XPath and Layout Functions

What is XPath?

The speedata Publisher’s input is data encoded in the XML format. XML is a hierarchical data structure where there is a root element and each element can have attributes and children, that are either text or other elements. For example you can have an element articlegroup which contains ten article elements. Now the idea of XPath is to navigate through the XML tree and ask questions like: give me all articles that have a certain attribute. Or how many articles do I have in this article group?

XPath expressions

The speedata Publisher accepts XPath expressions in the attributes test and select. In all other attributes XPath expressions can be used via curly braces ({ and }). In the following example XPath expressions are used in the attribute width and in the attribute select of the element Value. The width of the textblock is taken from the variable $width, the contents of the paragraph is the value of the current node (whatever this is).
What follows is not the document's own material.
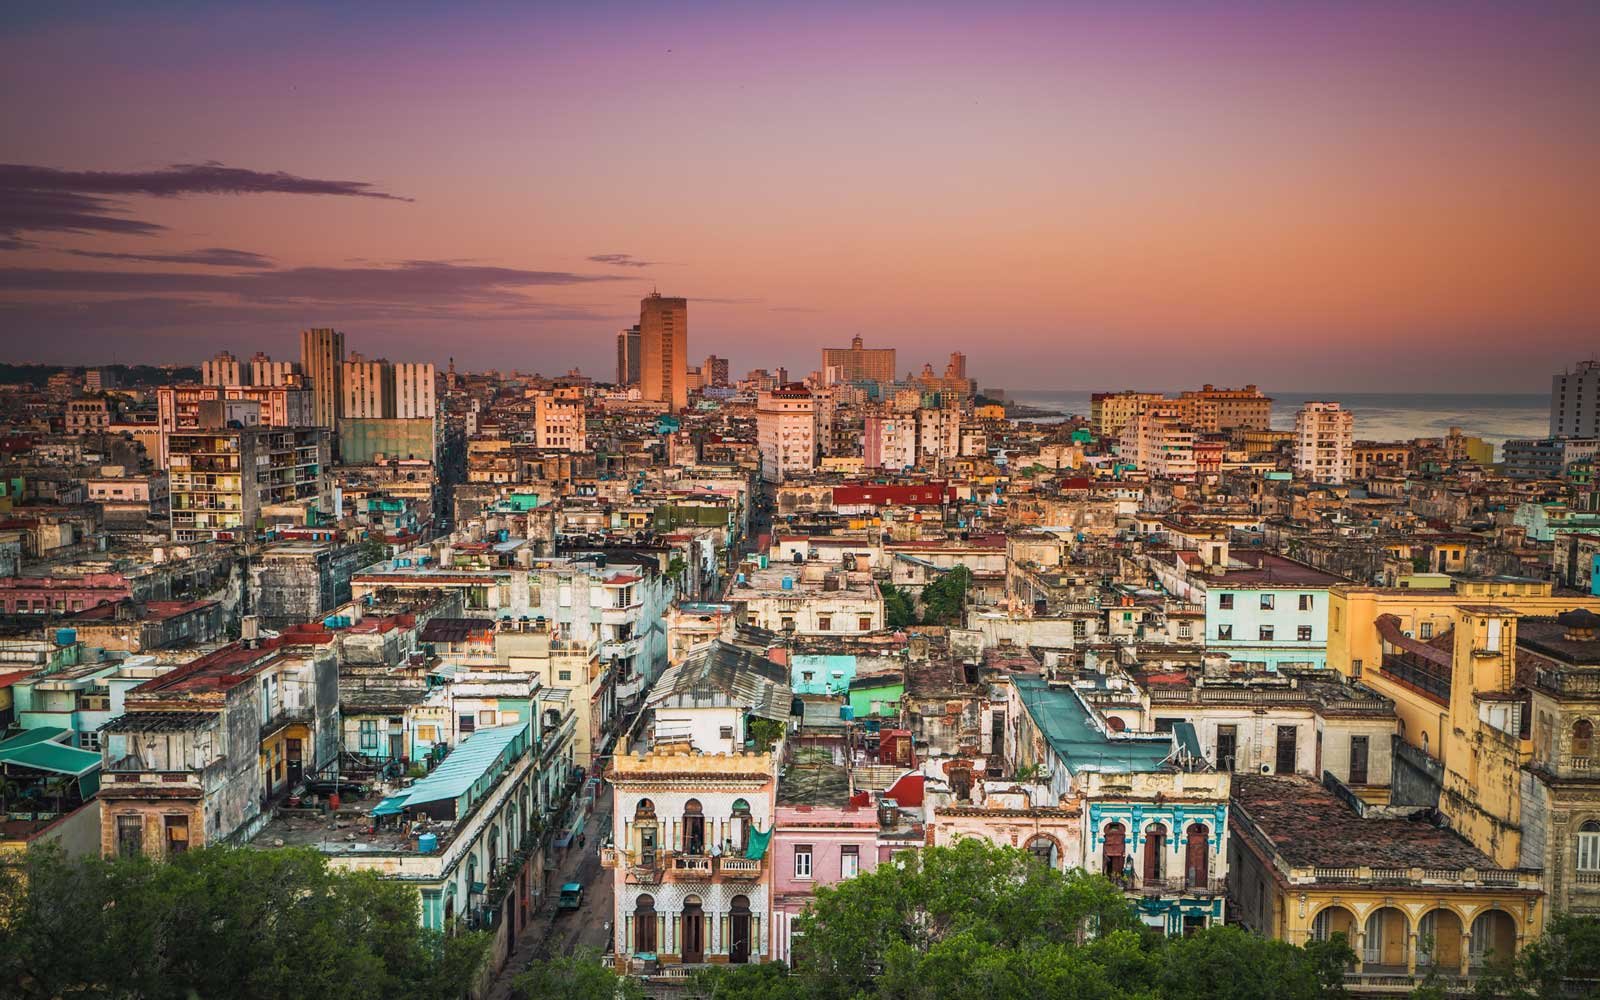 Le moyen le plus simple d’obtenir votre visa pour Cuba

<Textblock width="{ $width }">
  <Paragraph>
    <Value select="."/>
  </Paragraph>
</Textblock>

The following XPath expressions are handled by the software:

Number: Return the value without change: "5"
Text: Return the text without change: 'hello world'
Arithmetic operation (*, div, idiv, +, -, mod). Example: ( 6 + 4.5 ) * 2
Variables. Example: $column + 2
Access to the current node (dot operator). Example: . + 2
Access to subelements. Examples: productdata, *, foo/bar, node(),
Parent nodes: ../
Filter in square brackets, for example article[1] selects the first article.
Access to subelements. Examples: productdata, *, foo/bar
Attribute access in the current node. Example @a
Attribute access in subnodes, for example foo/@bar
Boolean expressions: <, >, <=, >=, =, !=. Attention, the less than symbol < must be written in XML as <, the symbol > may be written as >. Example: $number > 6. Can be used in tests.
if/then/else expressions: if (…) then … else ….
for clauses for example: for $i in (1,2,3) return $i * 2 or for $i in 1 to 3 return $i * 2.
The well known axis expressions like following-sibling, parent, preceding-sibling.
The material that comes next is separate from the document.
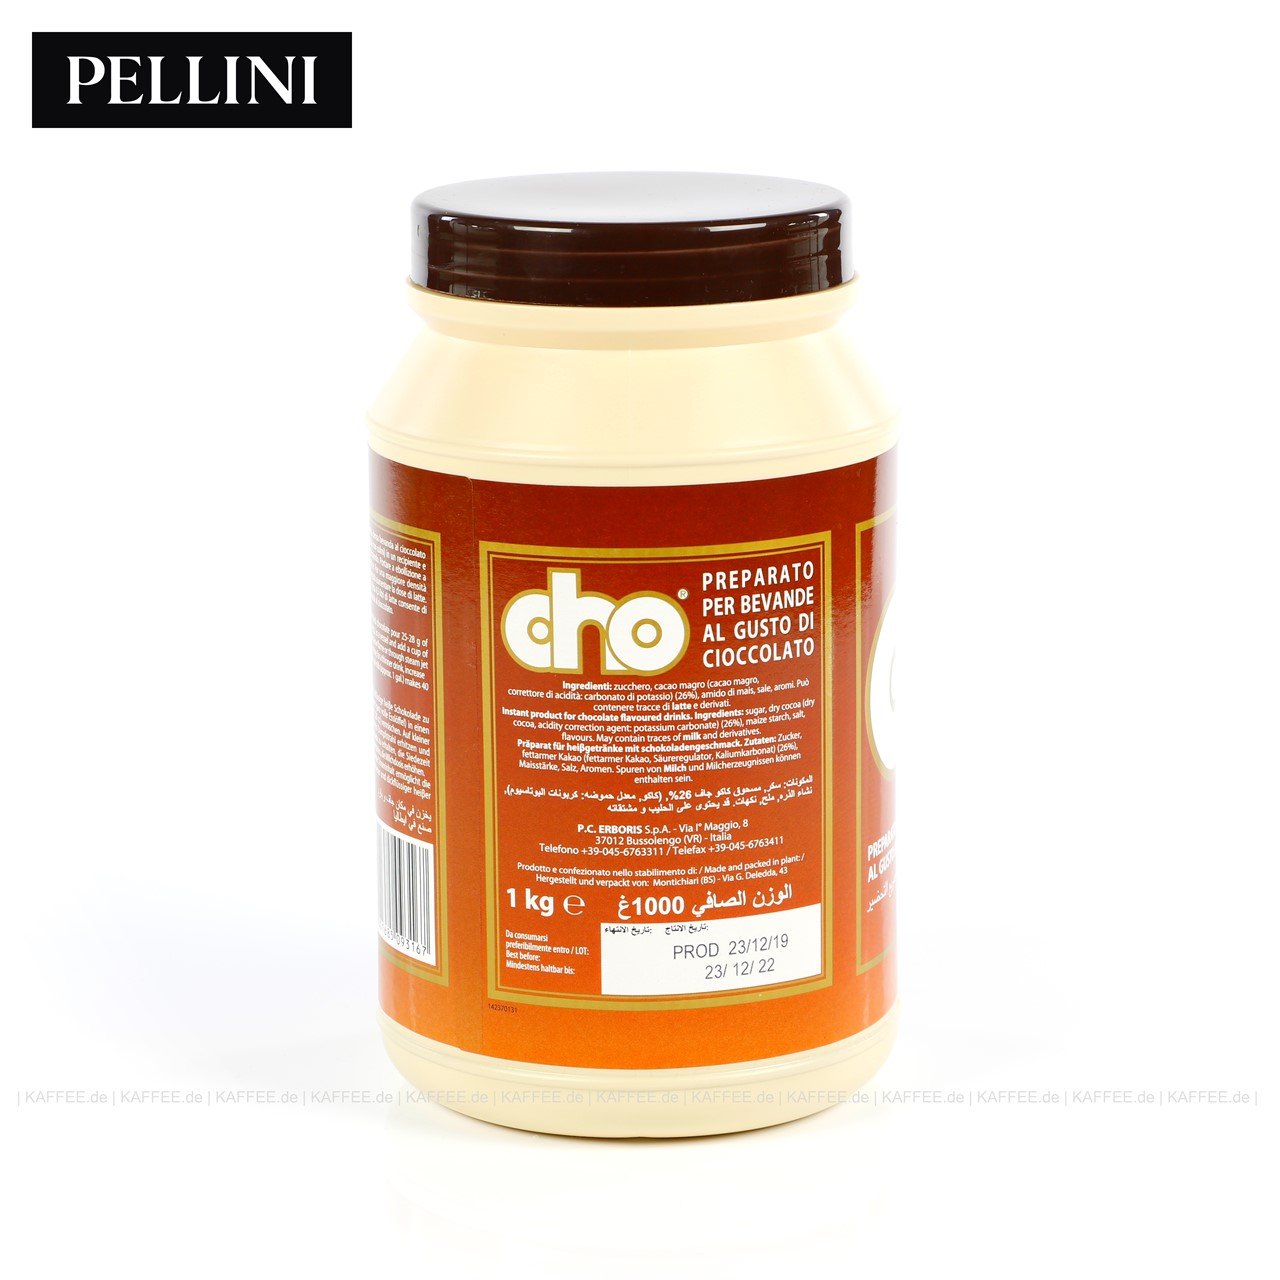 Pellini CHO - რძის ცხელი შოკოლადი 1 კგ

See the test file of lxpath if in doubt.

If you are still uncertain about XPath, please follow the good tutorial at W3Schools.

XPath and namespaces

The speedata Publisher ignores XML namespaces by default. This is usually very helpful, as namespaces are not always easy to handle.

The XML file:

<bar:data xmlns:bar="somenamespace">
    <bar:child>
        <bar:sub>sub</bar:sub>
    </bar:child>
</bar:data>

can be addressed in the layout as follows:

<Layout xmlns="urn:speedata.de:2009/publisher/en"
    xmlns:sd="urn:speedata:2009/publisher/functions/en">

    <Record element="data">
      ...

although the namespace of the root element is somenamespace.

With <Options namespaces="strict" /> you can change this so that the namespace must be specified for <Record> and <ProcessNode>:

<Layout xmlns="urn:speedata.de:2009/publisher/en"
    xmlns:sd="urn:speedata:2009/publisher/functions/en"
    xmlns:sn="somenamespace">

    <Options namespaces="strict" />

    <Record element="sn:data">
        <PlaceObject>
            <Textblock>
                <Paragraph>
                    <Value select="local-name()"></Value>
                </Paragraph>
            </Textblock>
        </PlaceObject>
    </Record>
</Layout>

It is important that the namespace matches, the prefix (here: sn) is freely selectable as long as it is linked to the namespace.

<ProcessNode> works similar:

<ProcessNode select="*:child" />
<ProcessNode select="sn:child" />
<ProcessNode select="sn:*" />
<ProcessNode select="*" />

call the child element bar:child, as the namespaces of sn (from the layout) and bar (from the data) match. * is a ‘wildcard’ here, so it matches all names.

<ProcessNode select="child" /> will not work in the above case, as the empty namespace from the layout is urn:speedata.de:2009/publisher/en and does not match the namespace from the data.

You must also use namespaces in the XPath queries if they are specified in the data:

<Message select="count(sn:sub)" />

writes 1 to the log file. Without namespace a 0, as no element sub with the preset namespace is found.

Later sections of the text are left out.